OFFSET
1,1
COMMENTS
a(n+1) - a(n) = 2 or 4 for all n >= 1. See A067395 for the sequence of differences.
From Jianing Song, Sep 21 2018: (Start)
Numbers of the form 2^(3t+1)*s where s is an odd number.

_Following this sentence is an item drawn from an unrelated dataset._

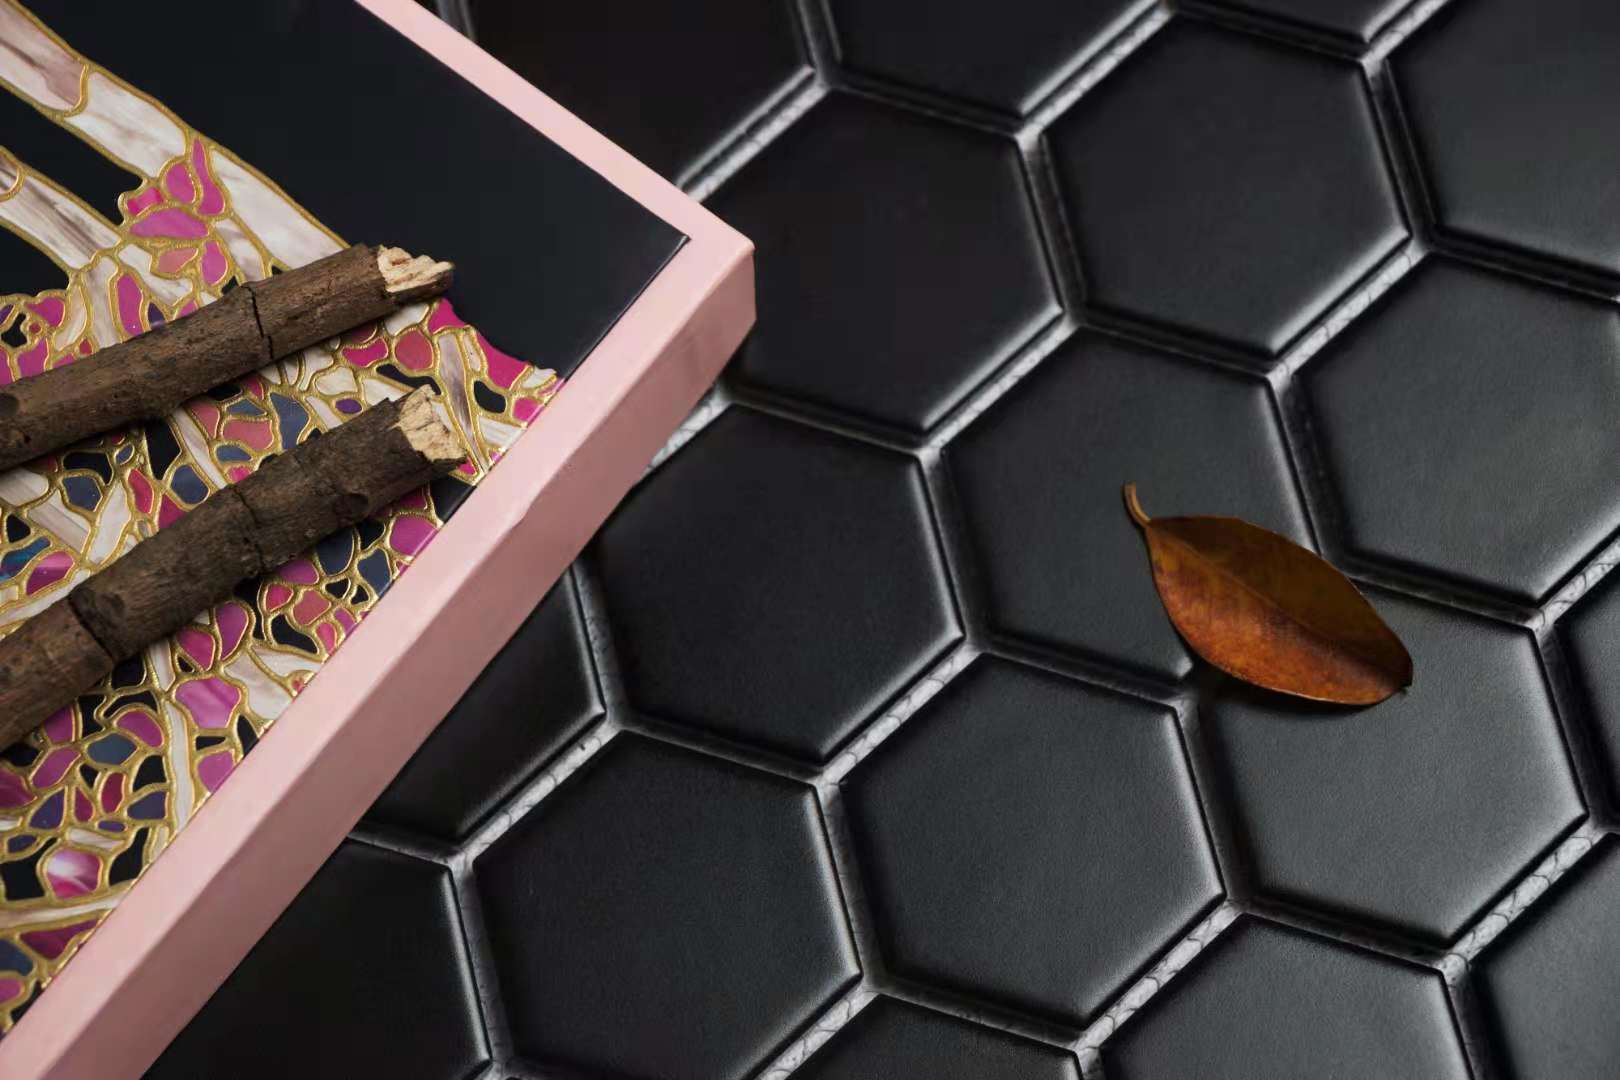 Retro 2" Hexagon Porcelain Tile, Matte Finished Floor and Wall Tile - 9 Square Feet Per Carton

Also positions of 1 in A191255. (End)
The asymptotic density of this sequence is 2/7. - Amiram Eldar, May 31 2024
LINKS
Robert Israel, Table of n, a(n) for n = 1..10000
FORMULA
Conjecture: a(n) = a(n-1) + 2 if (n = 2a(k) + k + 1) or (n = 2a(k) + k) for some k, otherwise a(n) = a(n-1) + 4. This has been confirmed for several hundred terms.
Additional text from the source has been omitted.